[WHAT YOU ARE ASKED TO DO]
Records follow. Pull out every line that contains "Cancer".

(Stored entries)
==============================
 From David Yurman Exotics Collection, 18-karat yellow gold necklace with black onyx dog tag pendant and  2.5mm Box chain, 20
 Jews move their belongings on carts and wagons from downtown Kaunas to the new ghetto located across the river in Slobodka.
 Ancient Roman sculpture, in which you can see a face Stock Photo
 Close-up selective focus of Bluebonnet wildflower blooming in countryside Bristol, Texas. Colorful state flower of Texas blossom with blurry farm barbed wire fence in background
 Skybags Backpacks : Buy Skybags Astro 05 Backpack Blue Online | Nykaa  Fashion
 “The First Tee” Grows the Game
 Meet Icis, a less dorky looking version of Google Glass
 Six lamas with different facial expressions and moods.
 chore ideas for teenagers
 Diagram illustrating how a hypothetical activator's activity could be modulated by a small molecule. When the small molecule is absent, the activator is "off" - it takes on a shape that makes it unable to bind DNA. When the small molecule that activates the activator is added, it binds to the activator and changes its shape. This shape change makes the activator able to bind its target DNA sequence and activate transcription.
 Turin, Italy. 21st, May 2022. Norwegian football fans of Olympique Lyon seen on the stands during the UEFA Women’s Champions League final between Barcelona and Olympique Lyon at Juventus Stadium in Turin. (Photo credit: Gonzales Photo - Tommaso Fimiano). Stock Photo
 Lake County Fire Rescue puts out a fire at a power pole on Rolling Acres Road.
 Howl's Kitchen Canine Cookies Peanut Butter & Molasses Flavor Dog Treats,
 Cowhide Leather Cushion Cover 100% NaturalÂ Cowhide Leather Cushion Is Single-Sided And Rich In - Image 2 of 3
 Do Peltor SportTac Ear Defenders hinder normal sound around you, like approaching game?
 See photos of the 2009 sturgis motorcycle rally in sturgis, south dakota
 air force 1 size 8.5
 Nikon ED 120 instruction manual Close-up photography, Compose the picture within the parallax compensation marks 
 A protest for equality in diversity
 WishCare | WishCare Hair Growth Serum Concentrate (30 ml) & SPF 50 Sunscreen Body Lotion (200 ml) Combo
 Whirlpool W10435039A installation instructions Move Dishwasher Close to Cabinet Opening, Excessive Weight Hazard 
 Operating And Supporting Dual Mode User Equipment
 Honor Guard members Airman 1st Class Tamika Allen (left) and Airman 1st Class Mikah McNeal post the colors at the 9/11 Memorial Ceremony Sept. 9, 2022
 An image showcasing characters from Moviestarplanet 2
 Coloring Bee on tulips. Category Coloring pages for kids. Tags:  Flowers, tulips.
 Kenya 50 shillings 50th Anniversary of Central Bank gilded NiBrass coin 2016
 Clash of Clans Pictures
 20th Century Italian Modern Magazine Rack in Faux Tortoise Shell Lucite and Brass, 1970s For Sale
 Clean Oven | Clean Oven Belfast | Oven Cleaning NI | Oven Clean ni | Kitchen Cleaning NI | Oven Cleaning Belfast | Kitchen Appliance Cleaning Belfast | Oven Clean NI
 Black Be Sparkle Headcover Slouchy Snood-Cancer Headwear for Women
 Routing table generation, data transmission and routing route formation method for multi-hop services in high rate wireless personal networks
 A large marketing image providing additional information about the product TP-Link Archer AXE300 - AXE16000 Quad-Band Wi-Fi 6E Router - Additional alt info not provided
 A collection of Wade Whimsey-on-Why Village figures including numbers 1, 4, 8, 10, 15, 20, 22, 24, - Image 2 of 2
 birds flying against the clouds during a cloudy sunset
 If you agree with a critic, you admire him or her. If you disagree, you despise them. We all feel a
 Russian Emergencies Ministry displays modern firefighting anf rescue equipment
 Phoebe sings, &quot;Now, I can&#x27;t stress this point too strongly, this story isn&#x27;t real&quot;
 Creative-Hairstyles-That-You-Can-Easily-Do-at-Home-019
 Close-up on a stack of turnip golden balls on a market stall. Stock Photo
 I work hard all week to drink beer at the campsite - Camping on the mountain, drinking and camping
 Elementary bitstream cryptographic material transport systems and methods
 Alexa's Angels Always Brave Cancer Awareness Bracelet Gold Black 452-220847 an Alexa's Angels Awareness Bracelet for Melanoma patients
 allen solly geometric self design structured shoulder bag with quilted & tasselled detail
==============================
[EXPECTED OUTPUT]
 Black Be Sparkle Headcover Slouchy Snood-Cancer Headwear for Women
 Alexa's Angels Always Brave Cancer Awareness Bracelet Gold Black 452-220847 an Alexa's Angels Awareness Bracelet for Melanoma patients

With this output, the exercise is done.